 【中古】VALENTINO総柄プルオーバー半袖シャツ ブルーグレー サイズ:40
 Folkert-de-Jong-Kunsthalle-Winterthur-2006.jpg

---

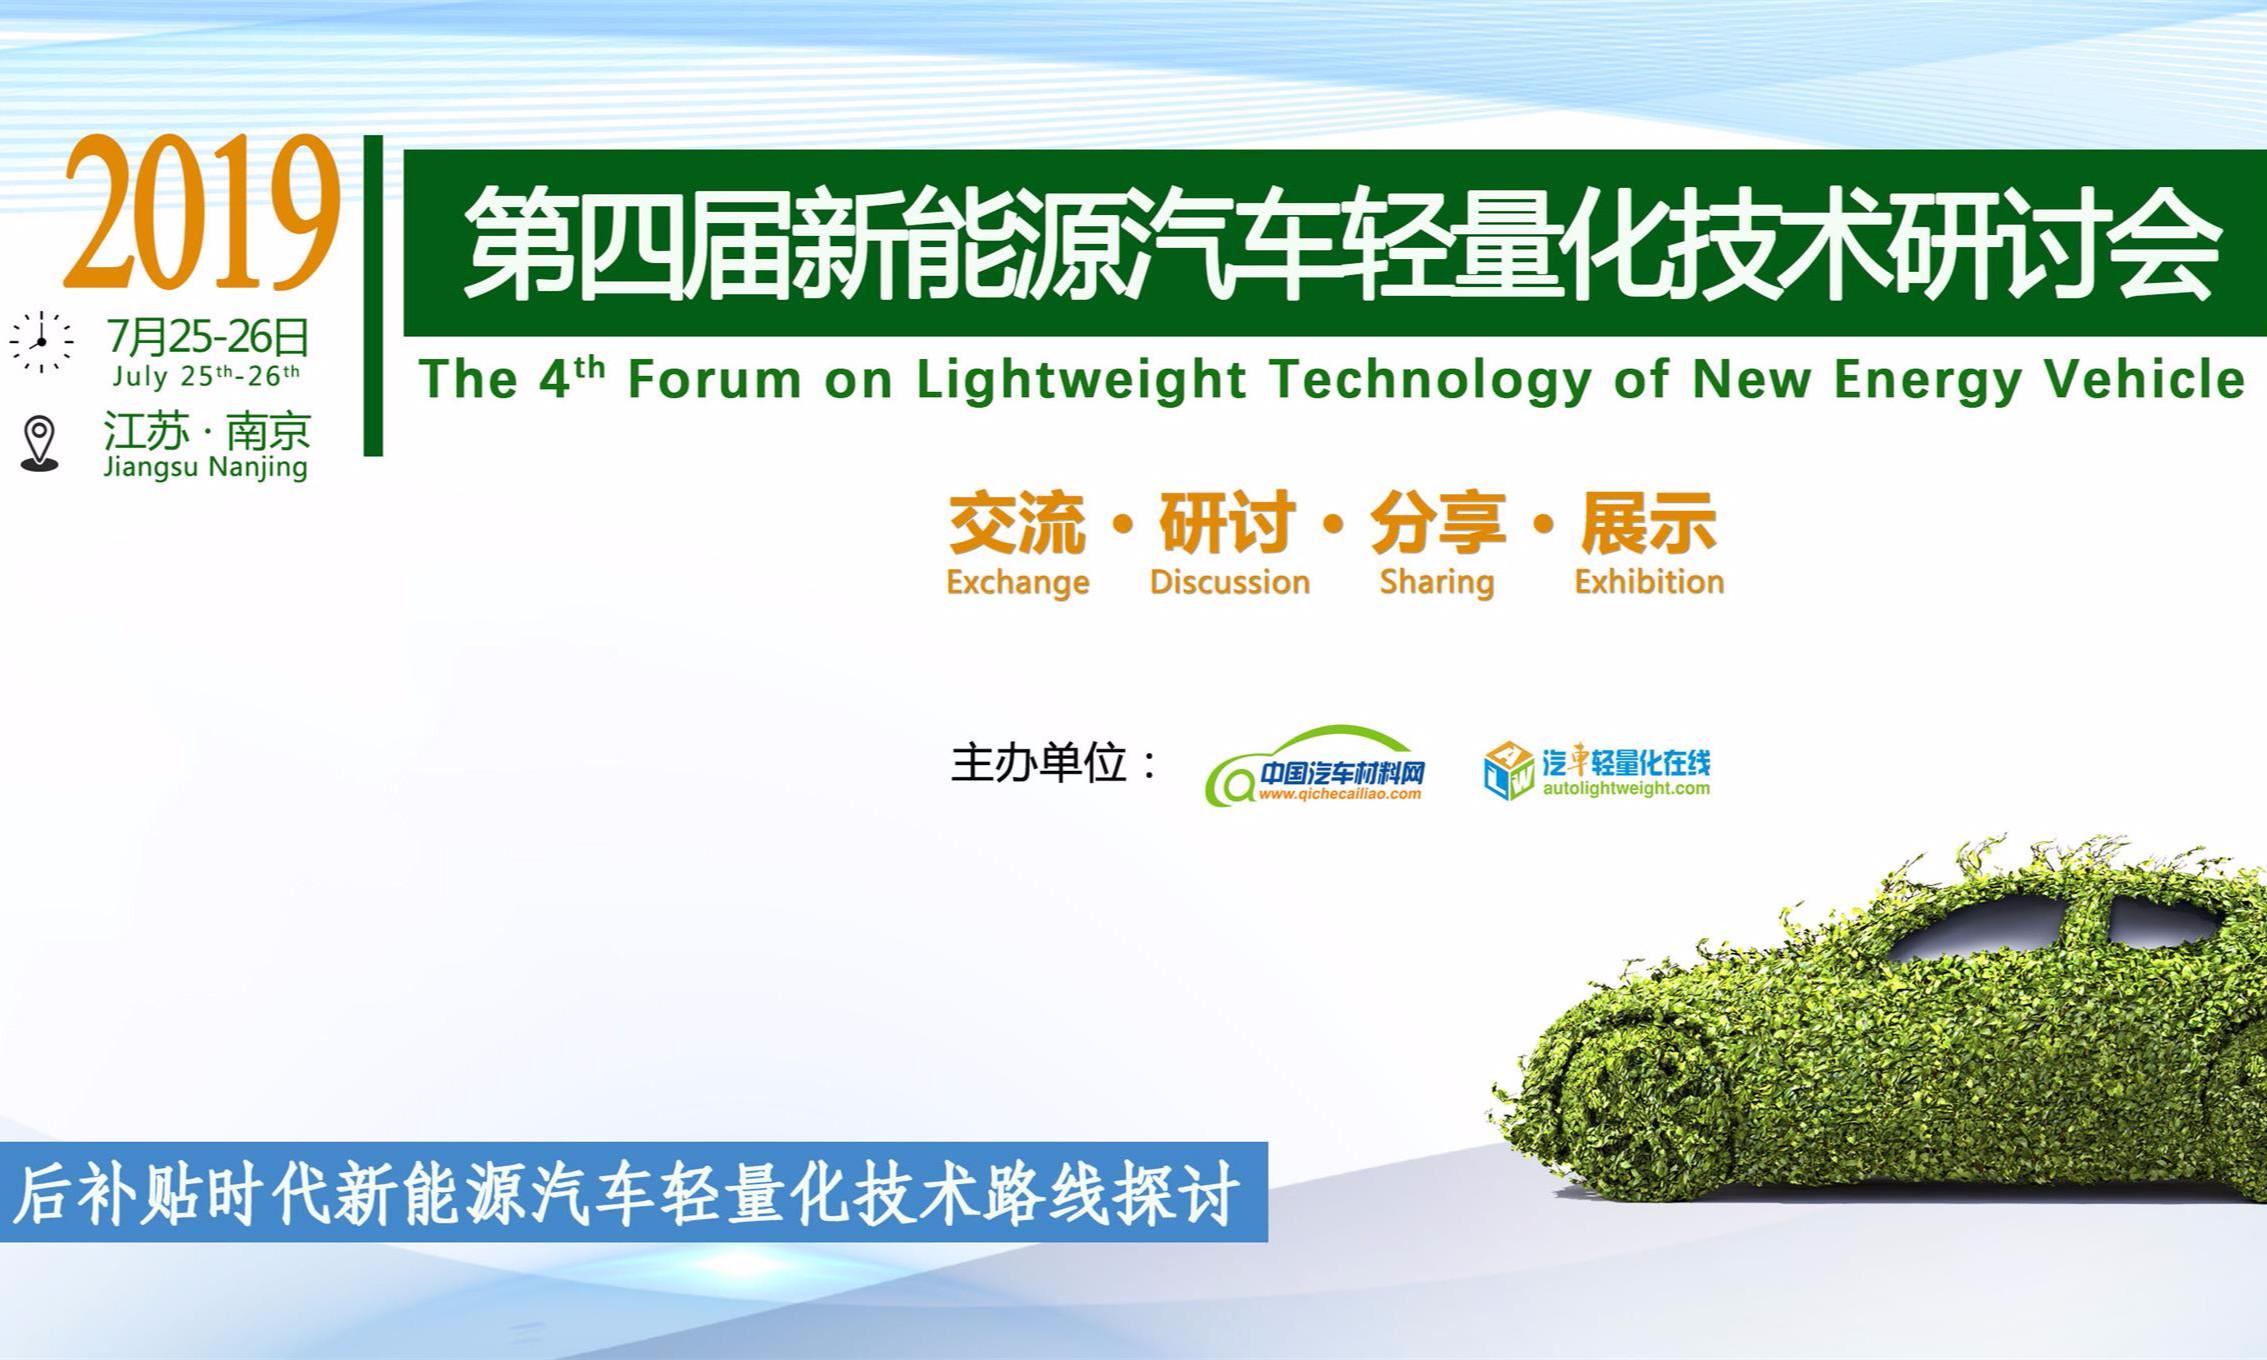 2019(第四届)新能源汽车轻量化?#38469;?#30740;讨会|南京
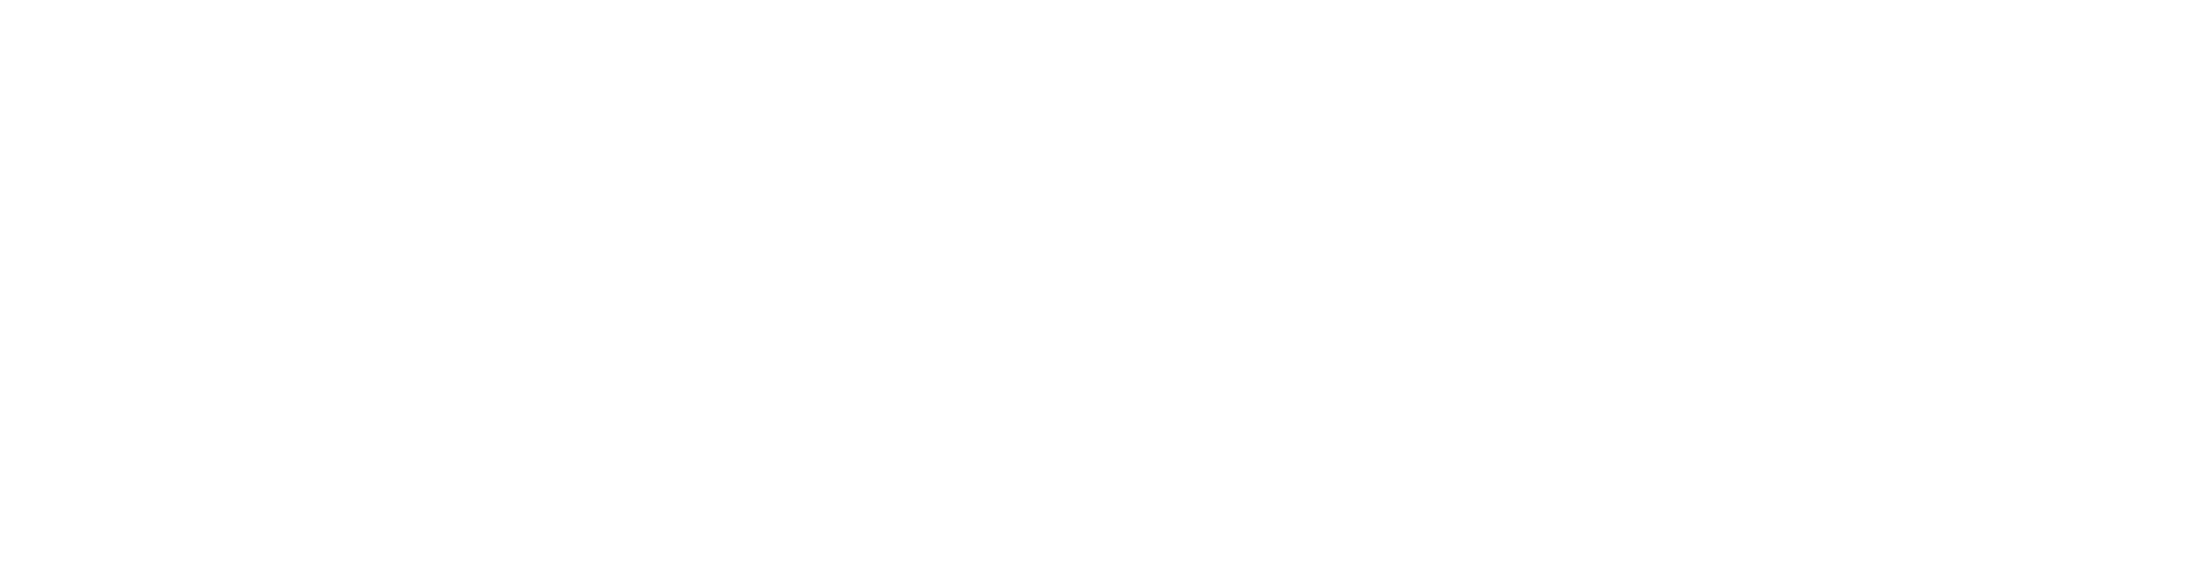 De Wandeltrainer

**Your instructions:** Pictures excluded, reproduce only the part above that opens with the line holding "2019(第四届)新能源汽车轻量化?#38469;?#30740;讨会|南京" and closes with the line holding "De Wandeltrainer", exactly as written.

**Exercise answer:**
 2019(第四届)新能源汽车轻量化?#38469;?#30740;讨会|南京
 De Wandeltrainer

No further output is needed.